8. 8Critics have occasionally argued that the “Philomel,” or nightingale, in line 179 of “Contemplations” signals the Englishness of these woods. I am, however, inclined to see Bradstreet’s use of “Philomel” as indicative of what William Cronon calls the “fuzzy nomenclature” of colonial New England, “the natural tendency for colonists to apply European names to American species which only superficially resembled their counterparts across the ocean” (8–9). Inasmuch as Bradstreet is describing actual places or experiences in “Contemplations,” she is describing seventeenth-century Massachusetts. (See also Gatta 45.)

9. 9“Atlantic salmon would be the best bet, I think” (Gatta 47).

10. 10Morton’s argument here shouldn’t be read as an endorsement of speciesism but as a broader rethinking of ontological categories: “In an age of ecology without Nature, we would treat many more beings as people while deconstructing our ideas about what counts as people” (Ecological Thought 8).

11. 11In Vibrant Matter: A Political Ecology of Things, Jane Bennett argues for the ecological value of such anthropomorphism: “… an anthropomorphic element in perception can uncover a whole world of resonances and resemblances—sounds and sights that echo and bounce far more than would be possible were the universe to have a hierarchical structure. … A touch of anthropomorphism, then, can catalyze a sensibility that finds a world filled not with ontologically distinct categories of beings (subjects and objects) but with variously composed materialities that form confederations” (99).

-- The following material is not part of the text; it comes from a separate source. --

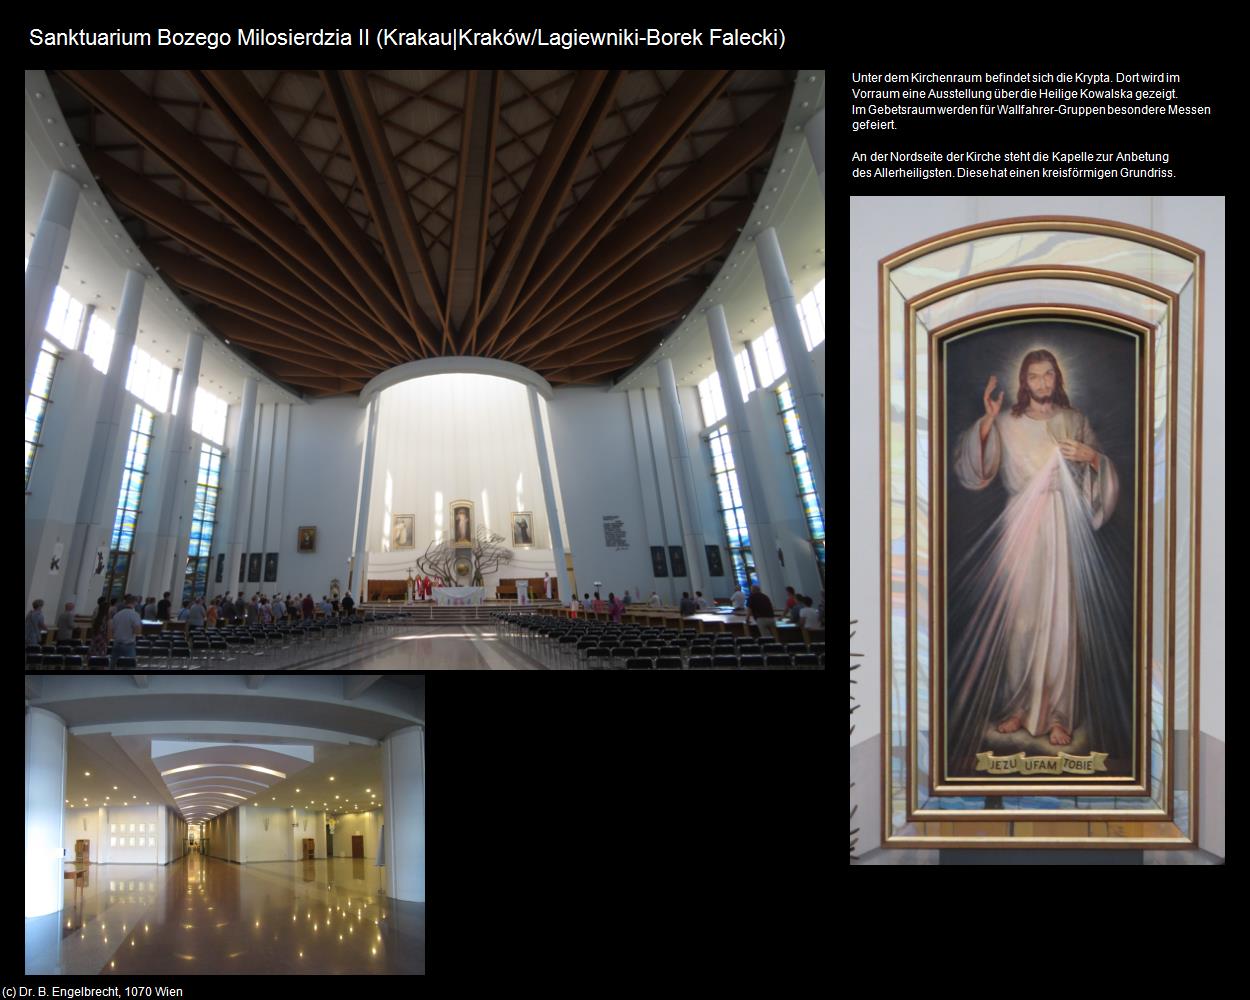 Sanktuarium Bozego Milosierdzia II (Lagiewniki-Borek Falecki) (Krakau|Krakow) in POLEN-Galizien

12. 12Readers who insist on a rigid distinction between the Tenth Muse Bradstreet and the Bradstreet of “Contemplations” and “Upon the Burning of Our House” neglect the fact that throughout their critically-favored post-1650 period of her life, Bradstreet returned often to the Tenth Muse poems, particularly to the quaternions. As a result of this oversight, the content of these revisions, as well as the significance of Bradstreet’s continuing interest in her Tenth Muse poems, are often glossed over in critical studies of Bradstreet’s work; Adrienne Rich, for example, simply dismisses Bradstreet’s Tenth Muse revisions as “of little aesthetic interest” (xvii).

13. 13See also Louisa Hall’s discussion of Bradstreet’s “broken style” in “The Influence of Anne Bradstreet’s Innovative Errors,” particularly pages 5–6. Here, Hall considers Bradstreet’s “willingness to use error to express herself” as a “stylistic choice,” arguing that “Bradstreet’s breaks were not accidental, but rather served to express the tension inherent in moments of psychic strain. In so doing, Bradstreet adapted her voice to the pressures of her life, proving herself not only an adept but an inventive poet.”

14. 14Compare these lines from “The Four Elements” to the closing lines of Bradstreet’s “Prologue”—“This mean and unrefined ore of mine/Will make your glist’ring gold but more to shine (ll. 49-50)—in which Bradstreet’s poetry itself initiates transmutation.